Thomas Cockson, or Coxon (bap. 1569 - fl. 1609-30 or 1636 – 1641), was one of the earliest English engravers. He left a large number of portraits engraved entirely with the graver in a neatly and finished manner. His first and most recognizable work is one for John Harington's version of Ariosto's Orlando Furioso and his latest, one depicting musketeers and pike men, which depicts on either side the coats of arms of various captains of the time.

==Engravings==
Among his works are James I, sitting in parliament, Princess Elizabeth, daughter of James I, Charles I sitting in parliament, Charles Howard, Earl of Nottingham, on horseback, George Clifford, Earl of Cumberland, on horseback, Louis XIII, Marie de Médicis, Mathias I, Emperor of Germany, Demetrius, Emperor of Russia, Concini, Marquis d'Ancre (1617), Henri Bourbon, Prince de Condé, Francis White, Dean of Carlisle (1624), Samuel Daniel, the Court Poet (1609), John Taylor, the Water Poet (title-page to his poems, 1630), Thomas Coryat, and many others.

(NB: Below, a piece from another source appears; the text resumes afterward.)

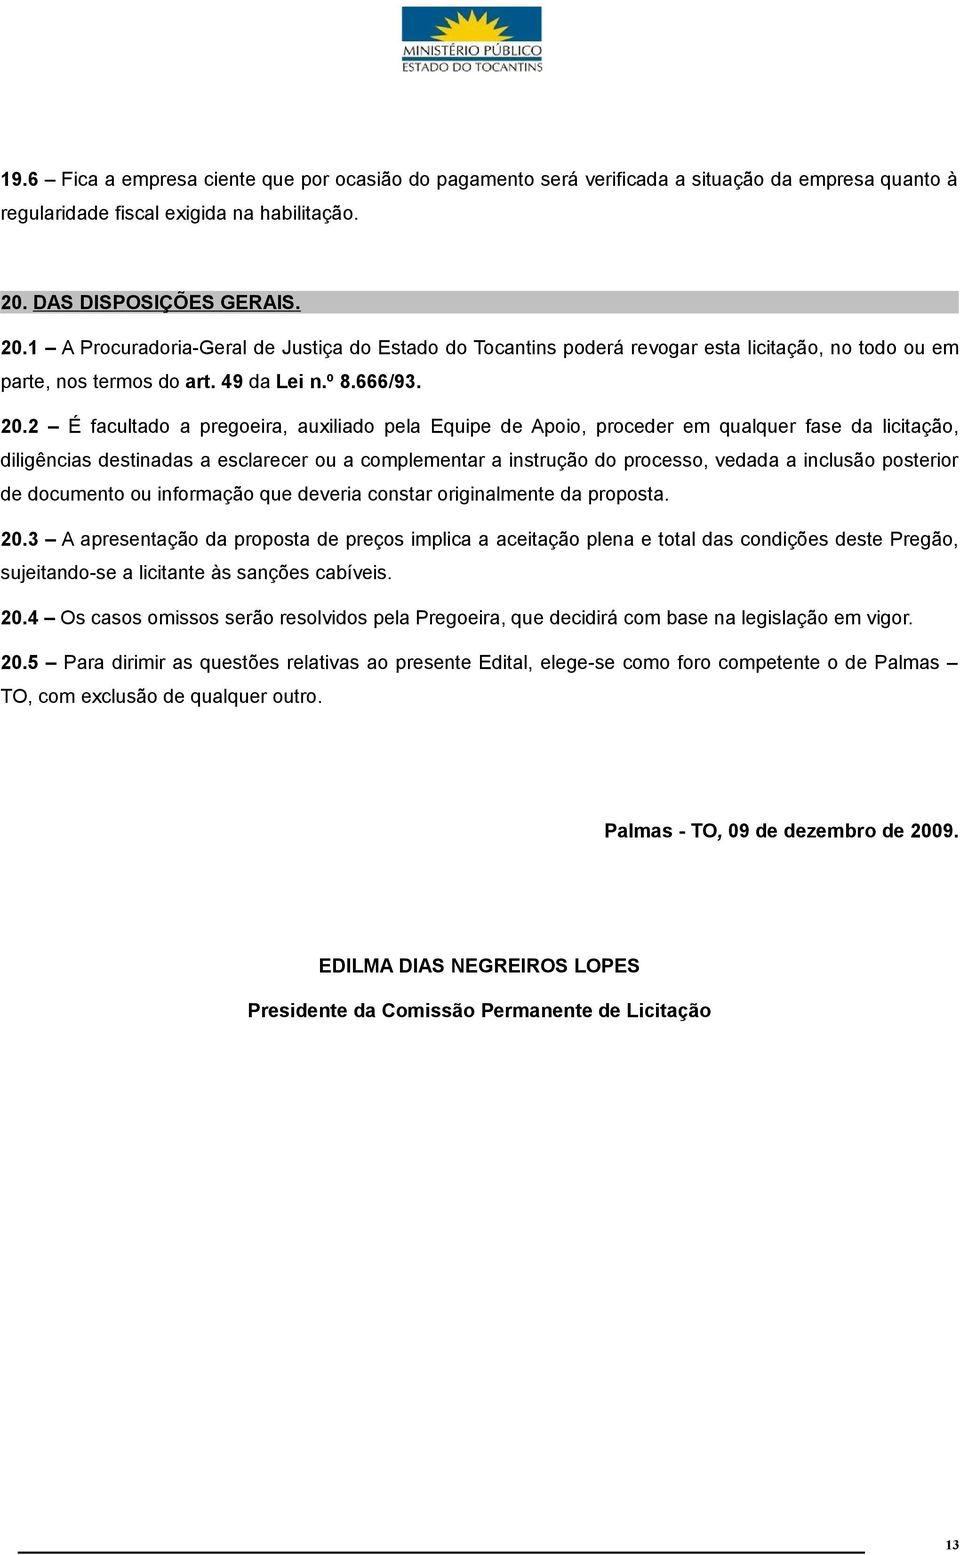 1 A Procuradoria-Geral de Justiça do Estado do Tocantins poderá revogar esta licitação, no todo ou em parte, nos termos do art. 49 da Lei n.º 8.666/93. 20.

He also engraved the frontispiece to John Harington's translation of Ariosto's Orlando Furioso in 1591, a plate called The Revells of Christendome of 1609, which is a satirical print representing James I, Henry IV of France, Prince Maurice (Stadholder), and Christian IV of Denmark playing cards and backgammon against the Pope and his ecclesiastical brethren, some sea pieces with shipping, and in 1636 a large folding plate with explanatory letterpress of various postures for musketeers and pike men, invented by a certain Lieutenant Clarke.

Thomas Cockson often signed his prints with his initials interlaced; hence it is difficult to distinguish them from those of Thomas Cross or Thomas Cecil (1630), who each used a similar monogram.